Une polémique a pris de l'ampleur mercredi en Tunisie après la mort d'un nouveau-né et l'interpellation d'une médecin résidente sur des soupçons "d'erreur médicale", ravivant le débat sur le manque de moyens dans les hôpitaux publics.
Une médecin résidente interpellée. Un bébé né prématuré est décédé samedi à l'hôpital Farhat Hached de Sousse, dans l'est du pays, dans des conditions controversées. Dans un communiqué, la direction de l'hôpital a rapidement assuré que l'équipe médicale avait effectué "tous les efforts nécessaires pour réanimer le nourrisson alors qu'il était dans un état grave". Mais une médecin résidente de l'établissement a été ensuite interpellée dans la nuit de samedi à dimanche, suscitant la colère de la profession.
Grève et appels à manifester. Malgré l'ouverture d'une "enquête médicale d'urgence" et sa libération sous caution lundi, une grève dans les secteurs publics et privés - hors services d'urgence - a été observée mercredi et des appels à manifester dans tout le pays ont été lancés. "Médecins et fiers de l'être", "Médecin, pas assassin", "Médecin menacé, soins limités", ont clamé des centaines de participants à Tunis.
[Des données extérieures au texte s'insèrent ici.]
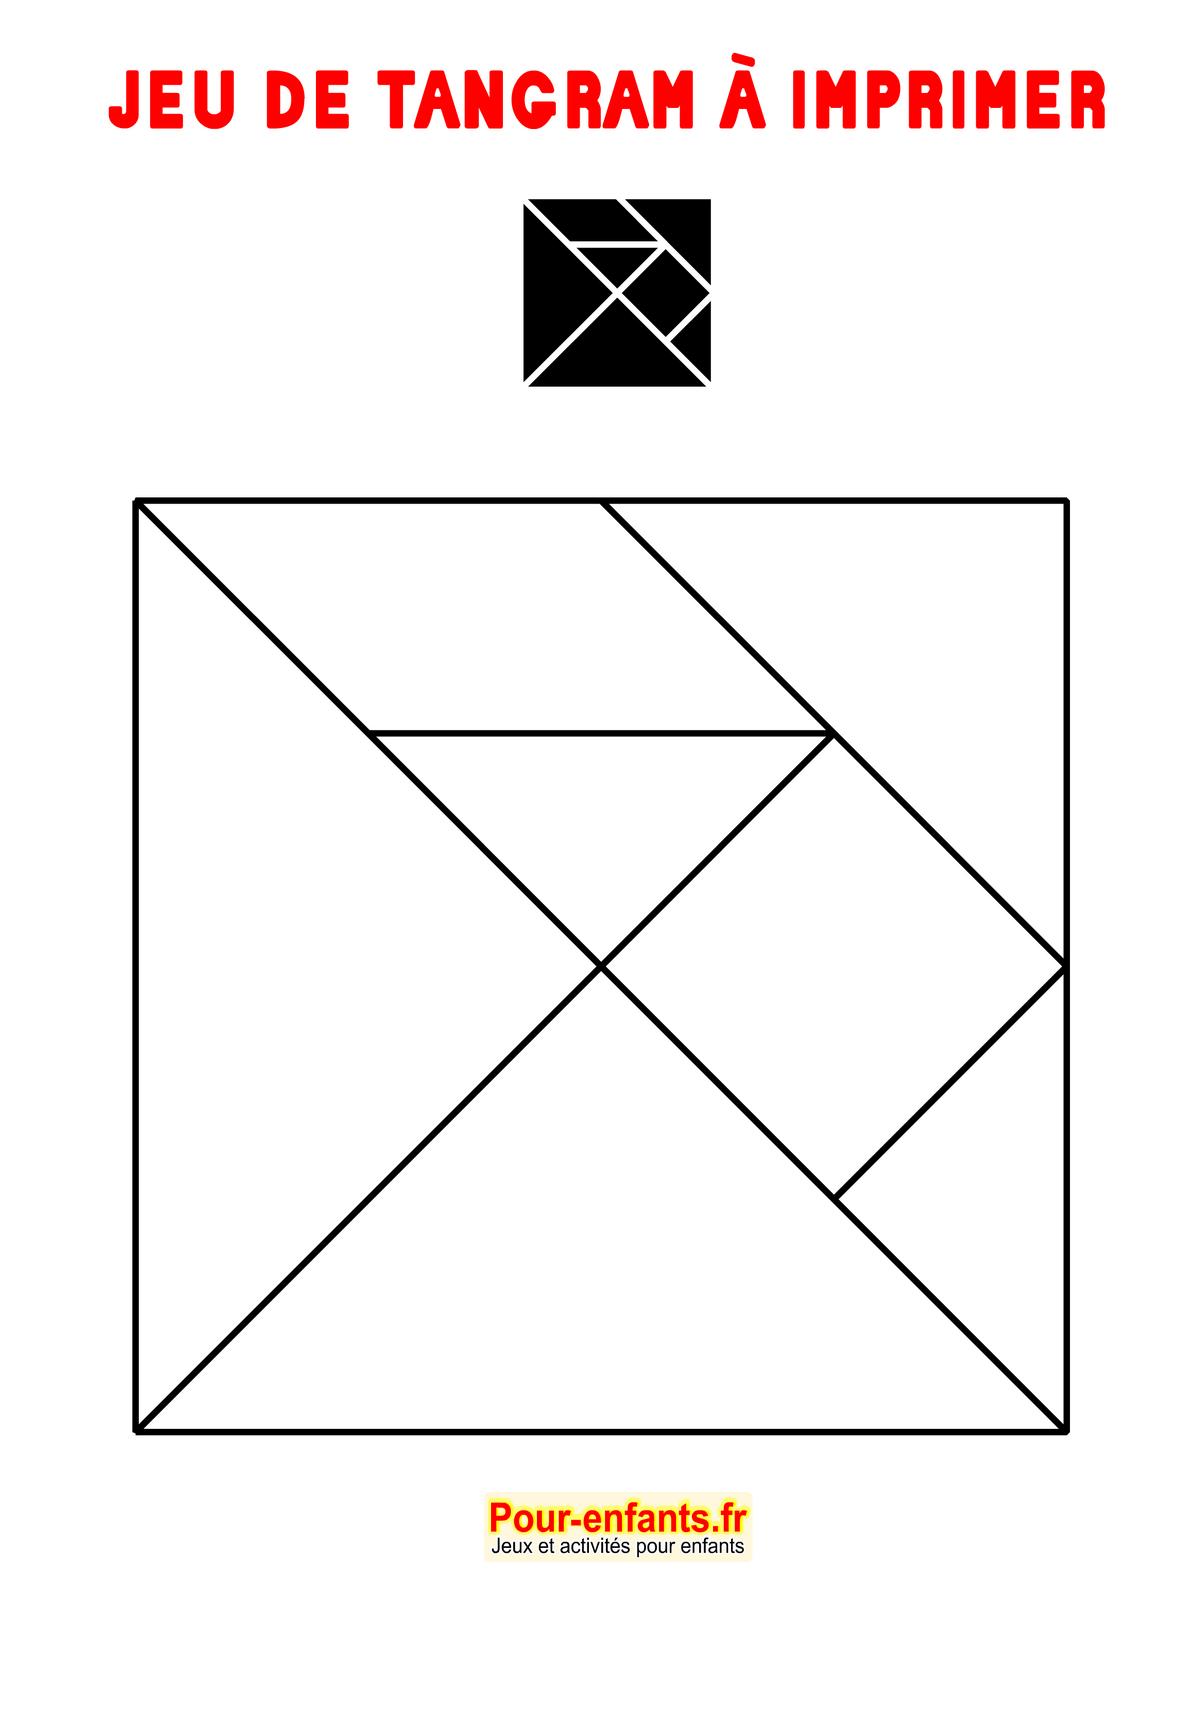 Tangram À Imprimer Maternelle Gratuit Jeux Tangrams dedans Jeux Educatif Gratuit Maternelle

Ils ont fustigé à la fois le traitement médiatique de l'affaire et le "cadre juridique obsolète" en matière de "responsabilité médicale", selon eux.
"Aujourd'hui, c'est au médecin de prouver qu'il n'a pas commis d'erreur". Une délégation a été reçue par les services du Premier ministre. À sa sortie, elle a annoncé qu'une rencontre aurait lieu jeudi avec le chef du gouvernement Youssef Chahed. "Nous réclamons l'adoption (au Parlement, ndlr) de la loi sur la responsabilité médicale et la protection des médecins pour pouvoir exercer dans un cadre juridique" adéquat, avait au préalable expliqué un délégué syndical, Mohamed Kamel Gharbi. Avocat spécialisé en droit médical, Saber Ben Ammar a de son côté appelé dans le quotidien La Presse à "définir clairement l'erreur médicale. "La législation ne l'a pas fait. Aujourd'hui, c'est au médecin de prouver qu'il n'a pas commis d'erreur".
La polémique prend de l'ampleur. Ces derniers jours, entre le témoignage de la jeune médecin interpellée, les accusations du père du nourrisson ou la prise de parole de la ministre de la Santé, la controverse s'est vite propagée dans l'opinion publique, certains internautes arguant que la profession n'était pas "au-dessus des lois". Elle a été avivée par une information selon laquelle le petit corps était resté des heures "dans une boite en carton" avant d'être remis à la famille, une pratique qualifiée d'"ordinaire" par des intervenants sur des plateaux TV et radio. Sur Mosaïque FM, le porte-parole du tribunal de Sousse, Mohamed Raouf Youssefi, a pour sa part avancé mercredi que le rapport médical avait fait l'objet de "modifications".
Dans ce contexte, des médias ont estimé que l'affaire, faisant suite à d'autres cas controversés, venait rappeler le manque de moyens des hôpitaux publics et le risque de voir une partie du corps médical quitter le pays pour exercer dans de meilleures conditions. Dans ces établissements publics, il arrive qu'"un médecin ne trouve même pas un scalpel, un stérilisateur ou un détergent pour maintenir les conditions minimales d'hygiène", a dénoncé La Presse dans un éditorial.